Notwithstanding anything herein to the contrary, either party may assign this Agreement to an affiliate of such party or to a successor entity in connection with the merger, consolidation or sale of all or substantially all of the assets of such party, provided that said assignee assumes, in full, the obligations of such party under this Agreement. Any successor entity will be subject to the terms and conditions of this Agreement.

10. Notice.

Any notice given under this Agreement by either party to the other must be in writing and may be delivered by e-mail.

If notice by e-mail to SprightlySoft: support@sprightlysoft.com

11. Miscellaneous.

11.1 Governing Law. This Agreement and all disputes arising in connection herewith, shall be governed by and construed in accordance with the laws of the province of Ontario, Canada without regard to the conflict of laws principles thereof. LICENSEE hereby consents to the jurisdiction of the provincial and federal courts located in Ontario, Canada, acknowledges that such courts would be the most convenient forum for all matters relating to this Agreement, and waives any other venue to which it may be entitled by virtue of domicile or otherwise.

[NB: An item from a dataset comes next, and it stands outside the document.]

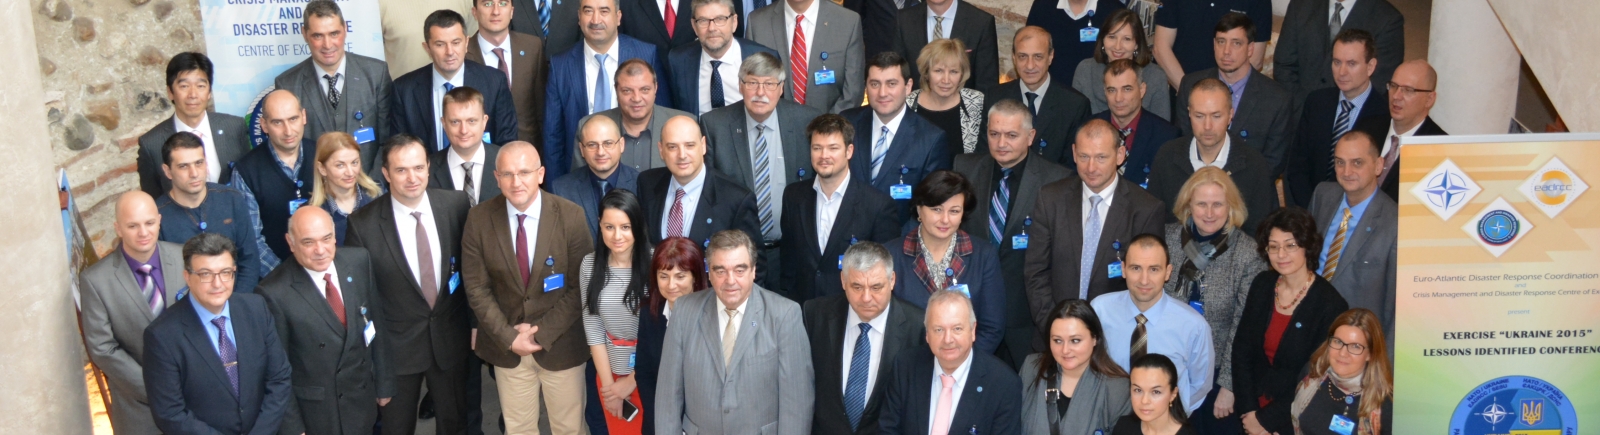 LESSONS IDENTIFIED CONFERENCE FOR EADRCC EXERCISE UKRAINE 2015 TAKES PLACE IN SOFIA, BULGARIA

11.2 Entire Agreement. This Agreement constitutes the full and complete understanding between SprightlySoft and LICENSEE with respect to this Agreement, and the provisions hereof replace and supersede any and every other agreement between them respecting the SprightlySoft Products, the SprightlySoft Licensed Products, or any service rendered hereunder.

11.3 Changes. Changes to this Agreement shall be of no force and effect unless expressly agreed to by both the parties in writing.

11.4 Severability. The provisions of this Agreement are severable, and in the event that any provisions of this Agreement shall be determined to be invalid or unenforceable under any controlling body of the law, such invalidity or unenforceability shall not in any way affect the validity or enforceability of the remaining provisions hereof.

11.5 No Waiver. No waiver by any party of any rights hereunder shall be valid unless it shall be in writing signed by that party. The omission by any party to insist upon strict performance of any provision of the Agreement shall not be construed as a waiver of such provision with respect to the same or any subsequent breach.

11.6 Force Majeure. Neither party shall be responsible for delays or failures in performance resulting from acts beyond the control of such party. Such acts shall include, but not be limited to, acts of God, strikes, riots, acts of war, epidemics, fire, communication line failures, earthquakes, or other disasters.

11.7 Binding on Successors. This Agreement shall be binding upon and inure to the benefit of the parties and their successors and assigns as permitted by this Agreement.

11.8 Section Headings. The descriptive headings contained in this Agreement are inserted for convenience of reference only and are not intended to be part of or to affect the meaning or interpretation of this Agreement, and all provisions of this Agreement will be enforced and construed as if no heading had been used in this Agreement.

11.9 Interpretation. Any law or regulation which provides that the language of a contract shall be construed against the drafter shall not apply to this License.